No. It may make it worse. If the damage leads to inflammation, it could cause Cystoid macular edema (CME).

73
Q

Possible complications from PRP (4)

A

1) May make vision worse
2) May cause or worsen macular edema/ CME
3) Will likely lose peripheral vision and night vision
4) Will not always cause NVE or NVD to regress

74
Q

In DRCR.net, Protocol B (laser vs. triamcinolone), what worked better over time?
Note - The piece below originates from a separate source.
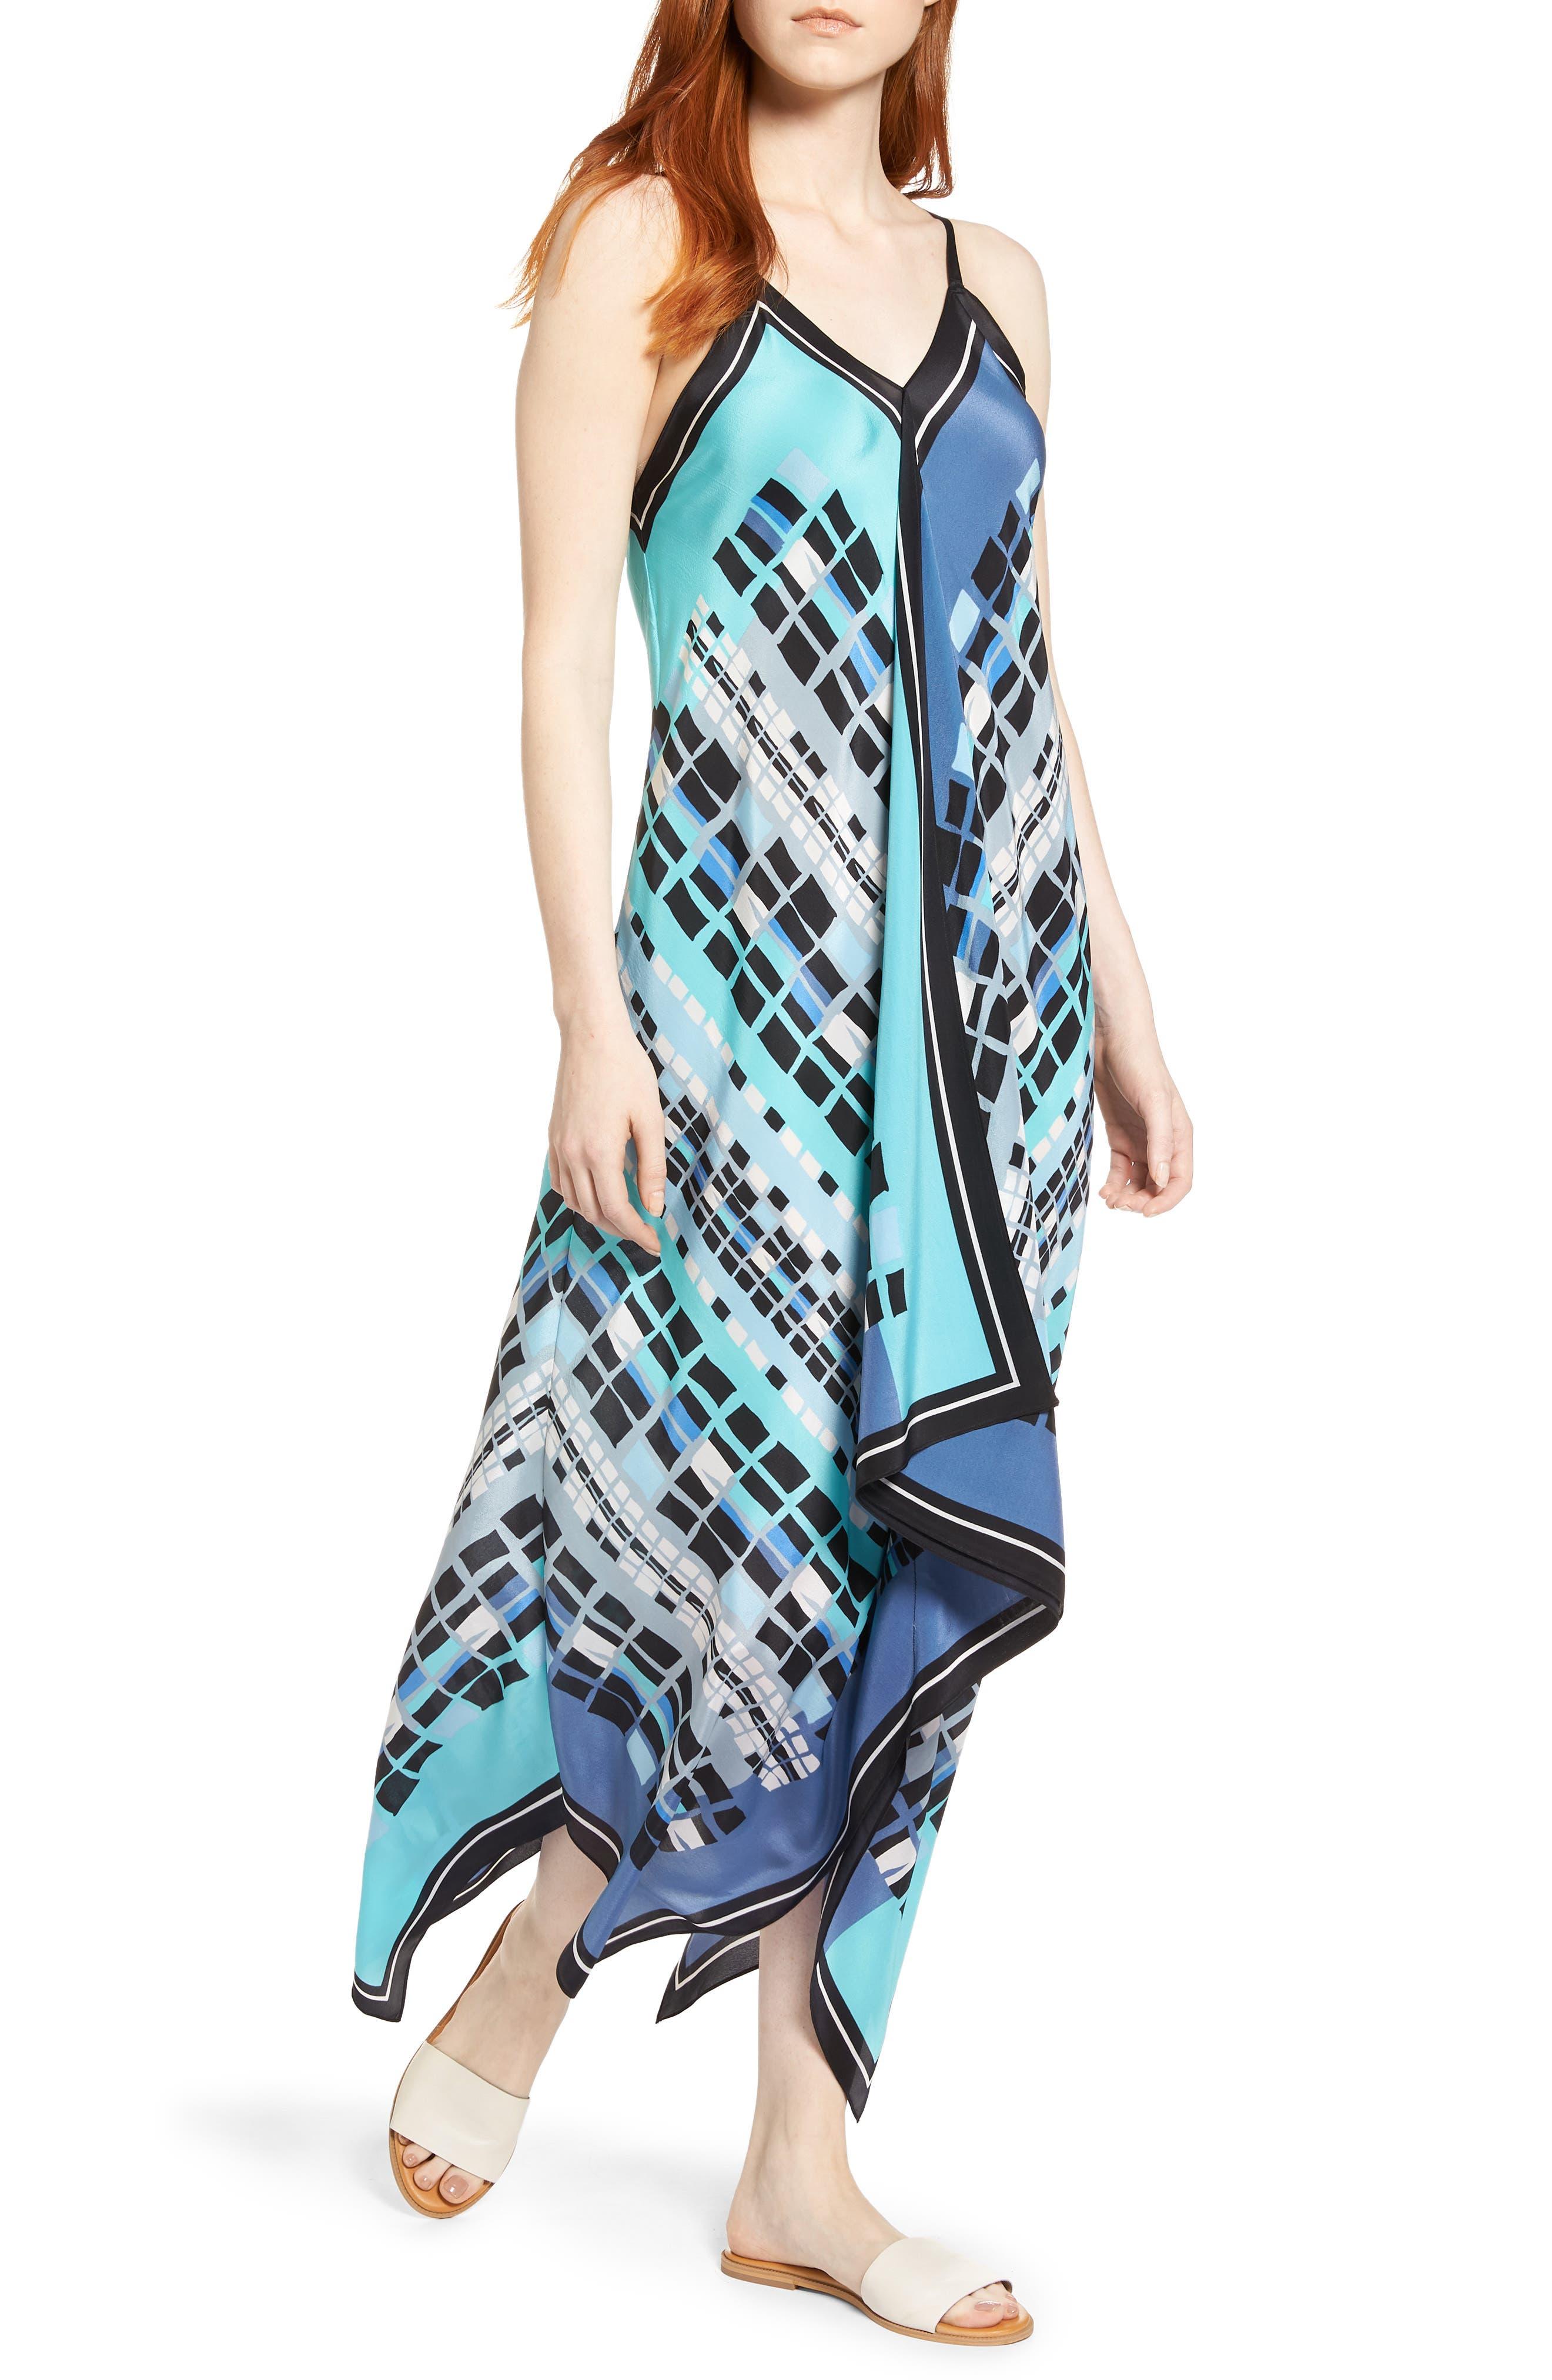 Alternate Image 1 Selected - NIC+ZOE From Above Dress Silk Blend Maxi Dress (Regular & Petite)
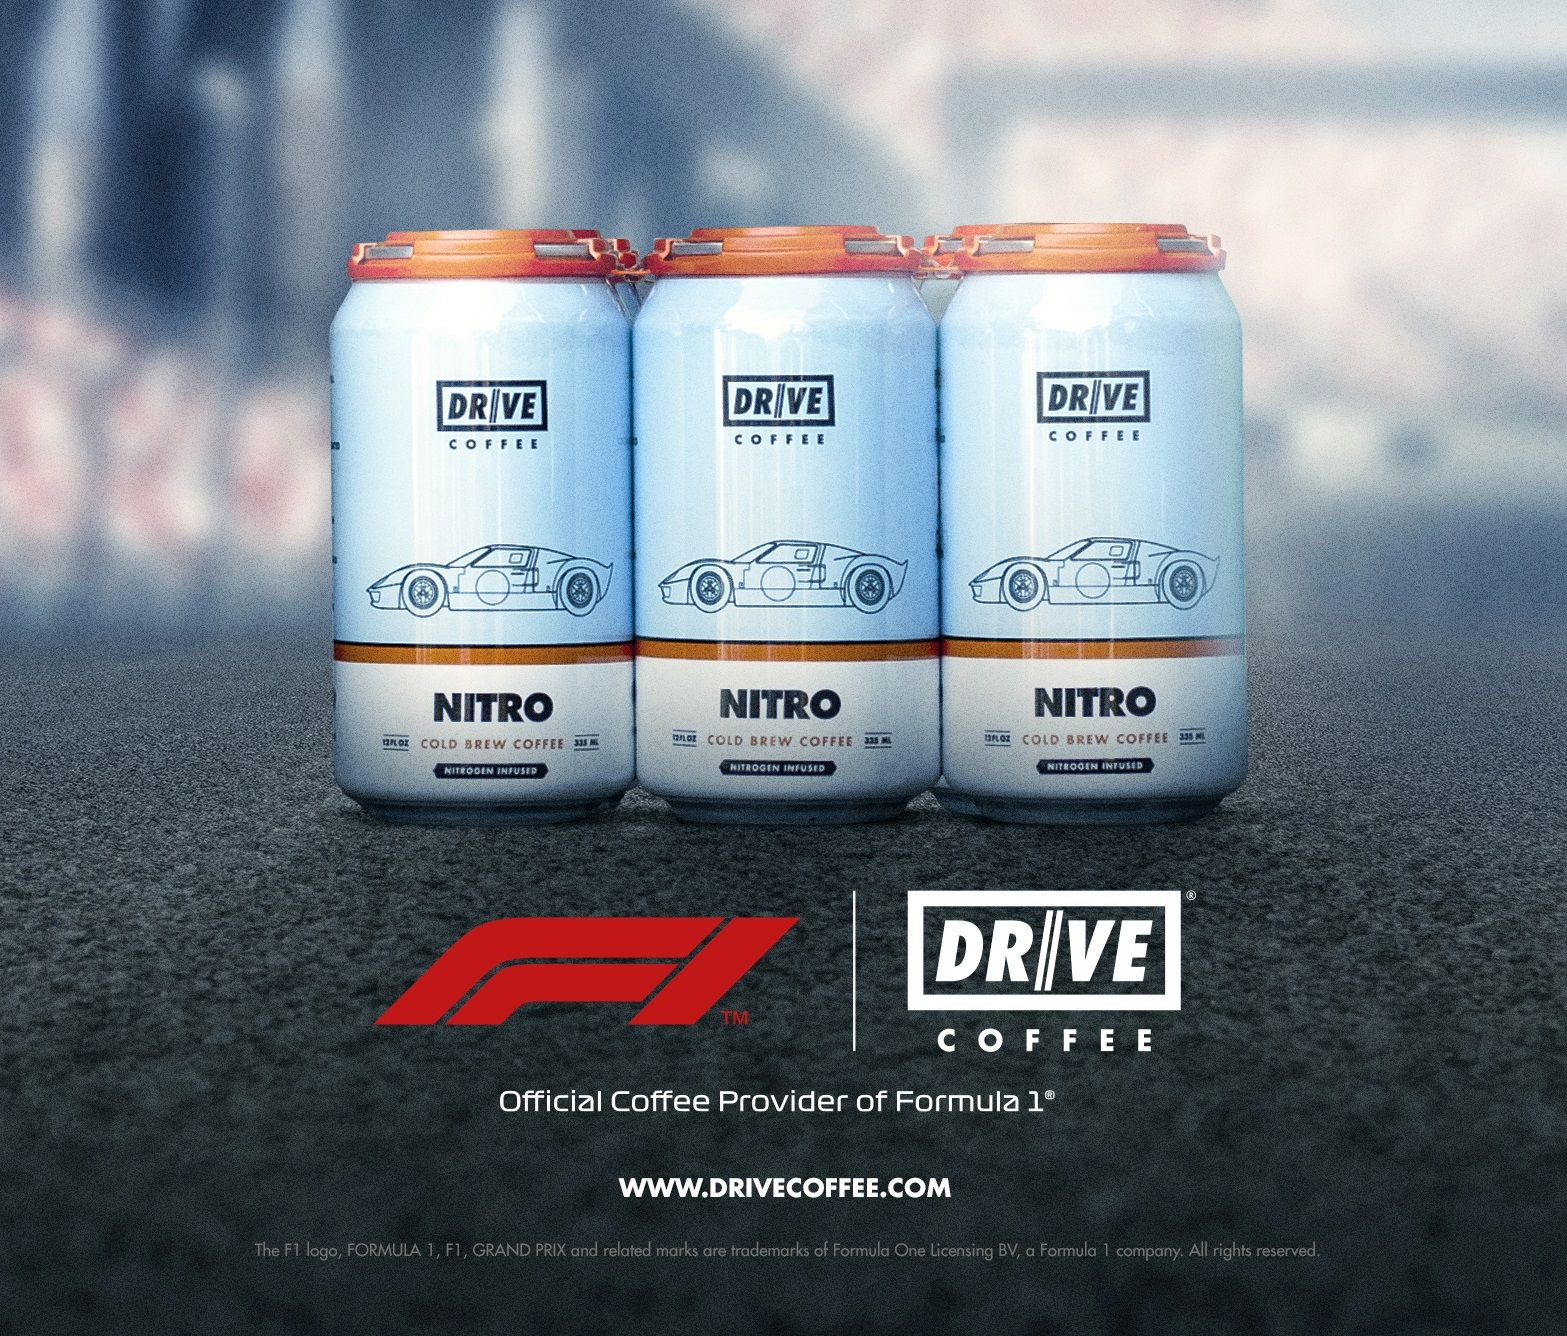 F1, Drive, Coffee

What worked better initially?

A

Laser worked better over time and had fewer side effects. Steroid (triamcinolone) worked better initially most likely due to anti-inflammatory components

75
Q

In DRCR.net, Protocol I (Lucentis for DME with delayed laser vs after laser), what worked best?

A

Lucentis worked best when you did it before laser because you still have normally functioning RPE which let it work more.
Also showed that Triamcinolone in pseudophakic (fake lens) was as good as Lucentis.

76
Q

In DRCR.net, Protocol T (Lucentis vs. Avastin vs. Eylea), what worked best? What else did they find?

A

-Eylea worked better in patients that were 20/50 or worse.
-No difference between Lucentis and Eylea after the year 2 mark, but both still better than Avastin.

77
Q

In the READ clinical trial (Ranibizumab(Lucentis) vs Standard of care (photocoagulation) vs Both), what can we conclude? What was the mean gain in letters after 6 months for Ranibizumab only?

A

0.5 mg of Ranibizumab (Lucentis) by itself had better results than photocoagulation and photocoagulation + Ranibizumab.

Mean gain of 7.2 letters after 6 months using Ranibizumab alone.